Set Aside Bankruptcy Stay

Fiorito v. Wiggins 2017 Ont CA

Husband had been awarded $200,000 in costs after a bitter family law battle with wife. The court then ordered a review of access provisions. Before the review, husband brought a motion to obtain security for or payment of the $200,000 costs order as a condition of proceeding with the review. On that motion, wife filed evidence that she intended to pay the costs award and denied a suggestion that she intended to file for bankruptcy after the review to thwart husband’s claim. The motions judge only restrained wife from disposing of her RSPs and dissipating her assets. After the motion and during the review, wife assigned into bankruptcy. Husband then moved under section 69.4 of the Bankruptcy and Insolvency Act to lift the stay; although RSPs are exigible under Ontario law, they are not seizable upon a bankruptcy.

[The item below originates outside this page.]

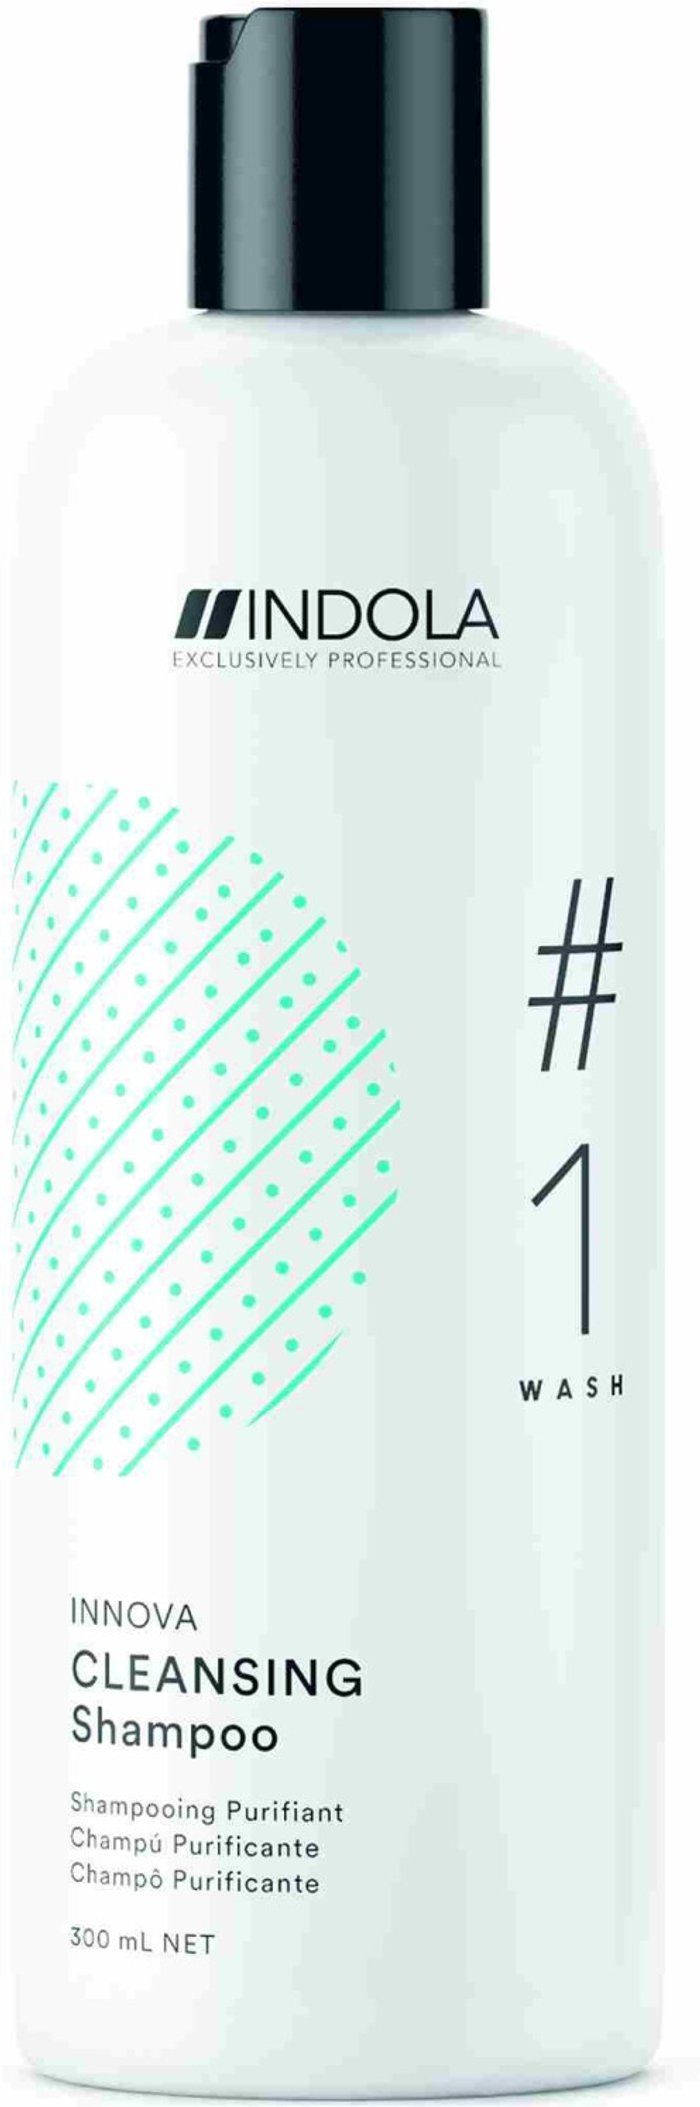 Indola Indola Innova Cleansing Shampoo (300 ml)

The court granted that motion on equitable grounds for 4 reasons: (1) the debt arose from family law proceedings that husband had to pursue to have any relationship with his children; (2) wife had not paid anything towards the costs and husband would receive nothing once wife was discharged from bankruptcy; (3) wife reneged on assurances that she had made to the court in the previous motion; (4) none of the other creditors would be prejudiced because the lifting of the stay would have resulted only in husband being able to attack an asset (the RSP) that the other creditors would not have been able to attack regardless.